A sample time sequence of these events:
A request to start Essbase is issued at 2010-03-26T03:32:09
OPMN attempts to start Essbase at 2010-03-26T03:32:11 (first time)
Essbase starts up at Fri Mar 26 03:32:12 2010 (first time)
Normal bootstrap continues but then it appears to have stopped sometime between Fri Mar 26 03:32:12 2010 and Fri Mar 26 03:32:26 2010
Lease Manager, running within the Agent, attempts to acquire the Agent lease at 2010-03-26T03:32:12 (first time)
Lease Manager continues to attempt the acquisition up to 6 times and finally terminates the Agent at 2010-03-26T03:32:22
The following are sample snippets from logs that you check to diagnose the issue in the above scenario:
Note: | The following snippets show only the relevant portions of these logs. Line items in bold indicate the multiple OPMN attempts to start Essbase that fail. |
Console output from OPMNCTL:
opmnctl startproc: starting opmn managed processes... opmn id=adc2170731.us.oracle.com:8001 0 of 1 processes started. ias-instance id=instance1 ias-component/process-type/process-set: <EssbaseClusterName>/EssbaseAgent/AGENT/ Error --> Process (index=0,uid=0,pid=0) Service fail over start failure Log: none --> Process (index=1,uid=1051800837,pid=12982) failed to start a managed process after the maximum retry limit Process terminated. Log: EPM_ORACLE_HOME/product/11.1.1/webtierIH/instances/instance1/diagnostics/logs/OPMN/opmn/console~<EssbaseClusterName>~EssbaseAgent~AGENT~1.log
Log 1: Essbase console log (console~<EssbaseClusterName>~EssbaseAgent~AGENT~1.log):
-------- 10/03/26 03:32:40 Start process -------- [Fri Mar 26 03:32:40 2010]Local/ESSBASE0///Info(1051283) Retrieving License Information Please Wait... [Fri Mar 26 03:32:40 2010]Local/ESSBASE0///Info(1051286) License information retrieved.

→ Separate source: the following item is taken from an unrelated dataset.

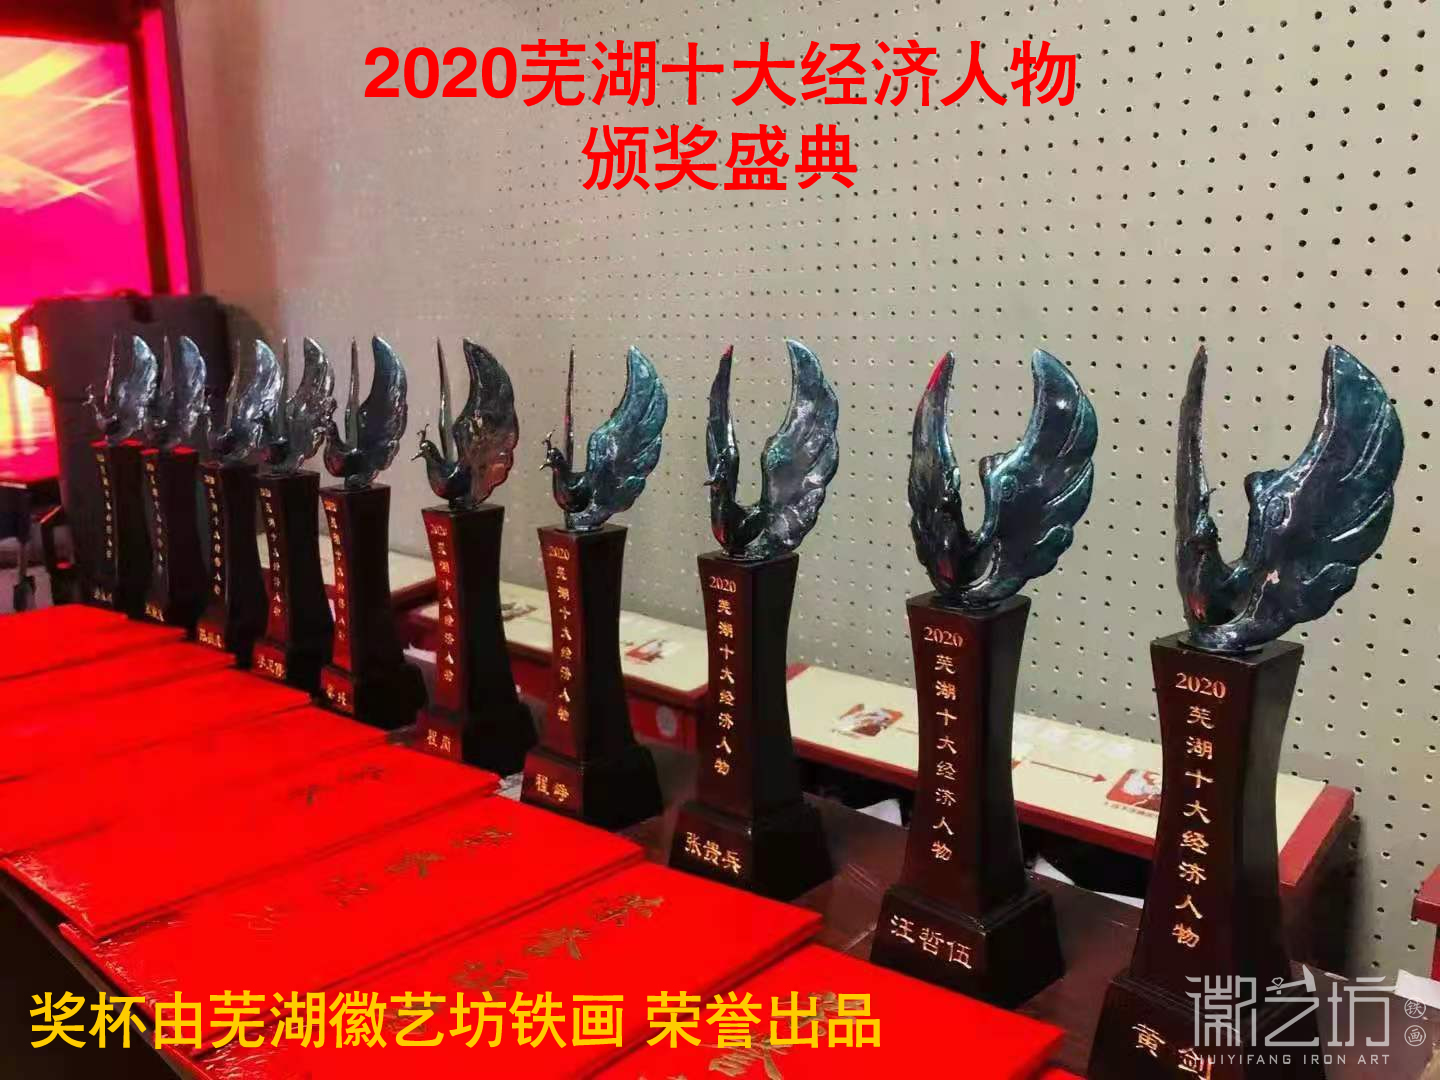 “2020年度芜湖十大经济人物”颁奖盛典奖杯由徽艺坊铁画荣誉出品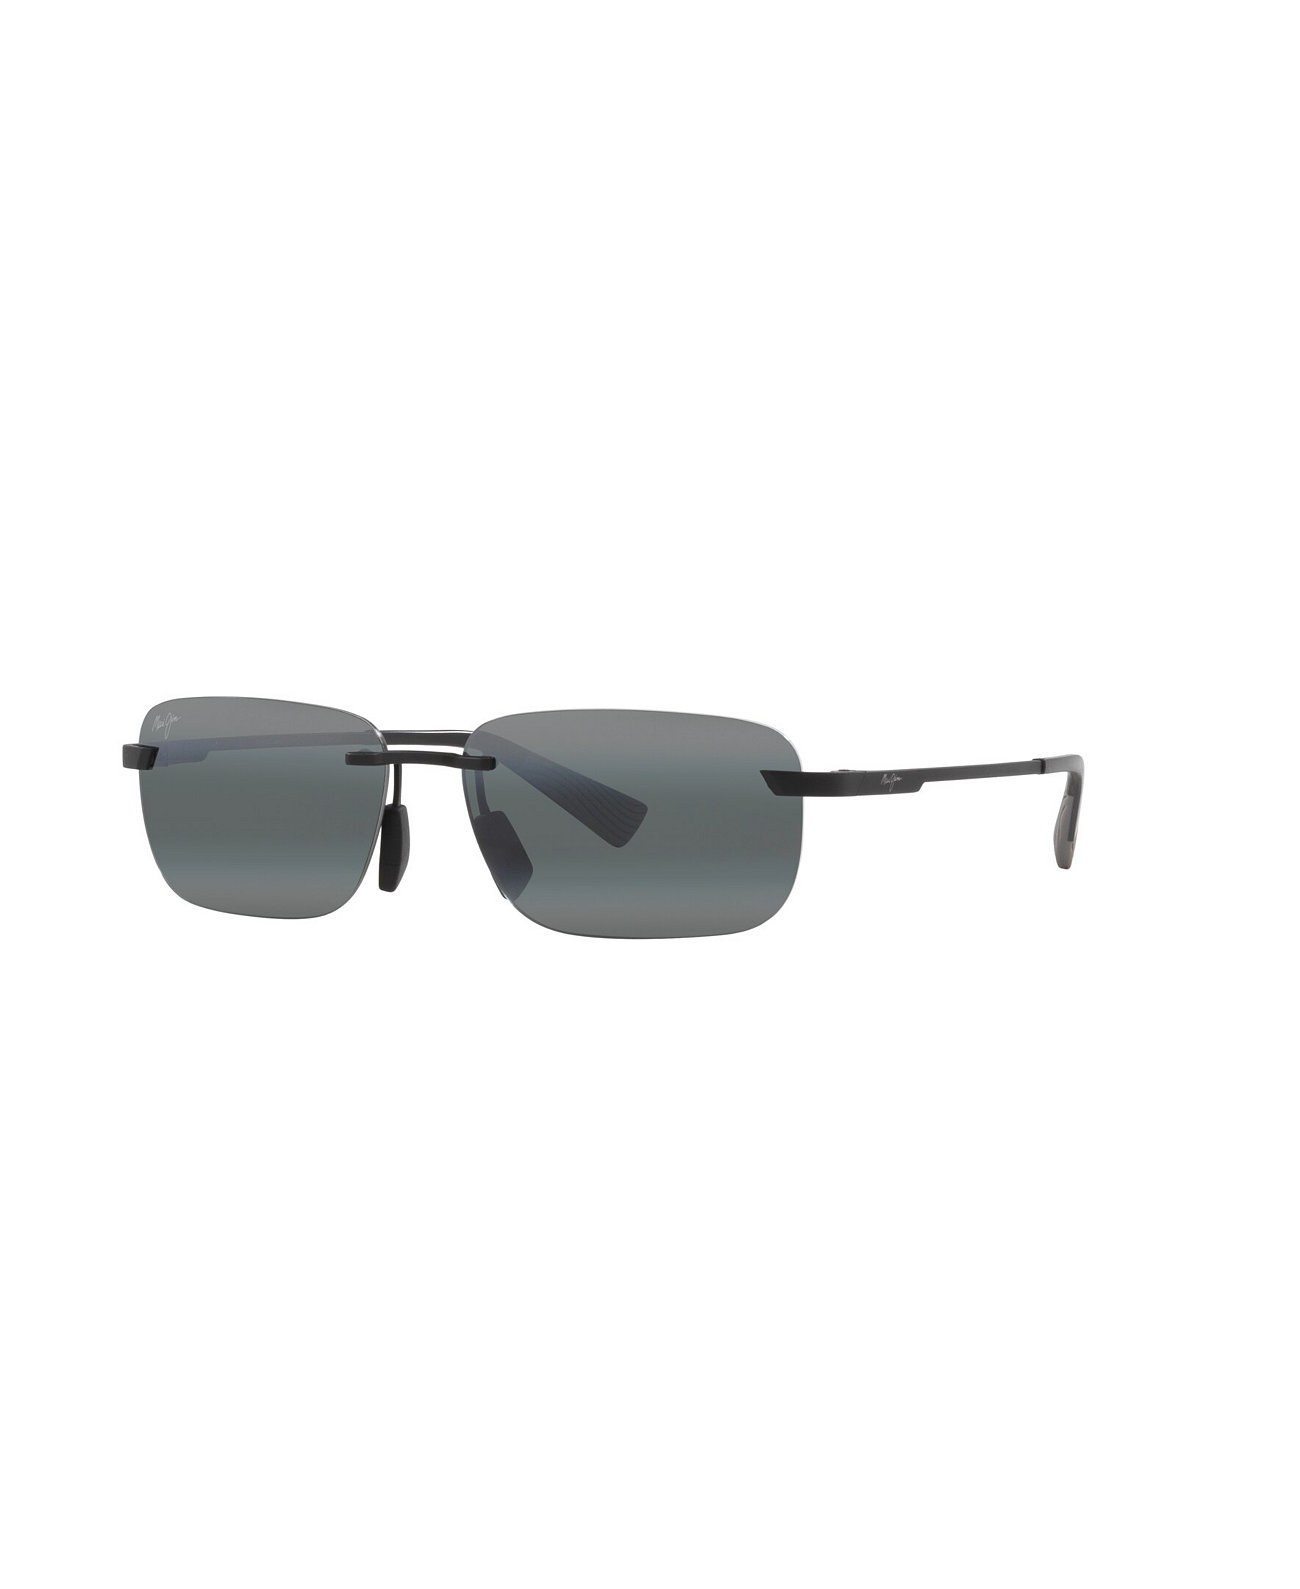 Men's Polarized Sunglasses, Lanakila Maui Jim

.... (product banner and startup info which abruptly stops after some time) ...
Log 2: opmn.log:
[2010-03-26T03:32:09][opmn][TRACE:1][667][OPMN][code:pm-requests]Request 5 Started. Command: /start?process-type=EssbaseAgent [2010-03-26T03:32:11][opmn][TRACE:1][662][OPMN][code:pm-process]Starting Process: <EssbaseClusterName>1~EssbaseAgent~AGENT~1 (1051800837:0) [2010-03-26T03:32:25][opmn][TRACE:1][662][OPMN][code:pm-process]Starting Process: <EssbaseClusterName>~EssbaseAgent~AGENT~1 (1051800837:0) [2010-03-26T03:32:39][opmn][TRACE:1][662][OPMN][code:pm-process]Starting Process: <EssbaseClusterName>~EssbaseAgent~AGENT~1 (1051800837:0) [2010-03-26T03:32:53][opmn][TRACE:1][][OPMN][code:pm-fos]Service-failover: <ias-instance id="instance1"> <ias-component id="<EssbaseClusterName>"> <process-type id="EssbaseAgent"> <process-set id="AGENT"> <process id="0" pid="0" status="_fail" index="0" log="" operation="request" result="failure">
.... (more diagnostic info) ...
Log 3: Essbase.log:
[Fri Mar 26 03:32:12 2010] Local/ESSBASE0///Info(1051283)
Retrieving License Information Please Wait...
[Fri Mar 26 03:32:12 2010]Local/ESSBASE0///Info(1051286)
License information retrieved.
[Fri Mar 26 03:32:12 2010]Local/ESSBASE0///Info(1051227)
No JVM location specified in essbase.cfg. Will try to load from library path
[Fri Mar 26 03:32:12 2010]Local/ESSBASE0///Info(1051216)
JVM Started Successfully !
[Fri Mar 26 03:32:12 2010]Local/ESSBASE0///Info(1051232)
Log 4: Lease Manager log: leasemanager_essbase_ClusterNode1.log:
[2010-03-26T03:32:12.182-10:32] ESSBASE / Info (1320004) Lease manager logging is initialized. [2010-03-26T03:32:12.243-10:32] ESSBASE / Info (1320045) Connection will be established to [leasedb] as [system] [2010-03-26T03:32:12.315-10:32] ESSBASE / Error (1320009) Attempt to connect to database failed with error [[DataDirect][ODBC 20101 driver][20101]13105].
...(more diagnostic information)...
[2010-03-26T03:32:22.944-10:32] ESSBASE / Error (1320009) Attempt to connect to database failed with error [[DataDirect][ODBC 20101 driver][20101]13105]. [2010-03-26T03:32:22.944-10:32] ESSBASE / Error (1320001) Failed to acquire the lease after [6] consecutive attempts. [2010-03-26T03:32:22.945-10:32] ESSBASE / Info (1320016) Lease is being surrendered. [2010-03-26T03:32:22.945-10:32] ESSBASE / Info (1320011) Preparing to shutdown abort. [2010-03-26T03:32:24.946-10:32] ESSBASE / Error (1320012) Terminating the process.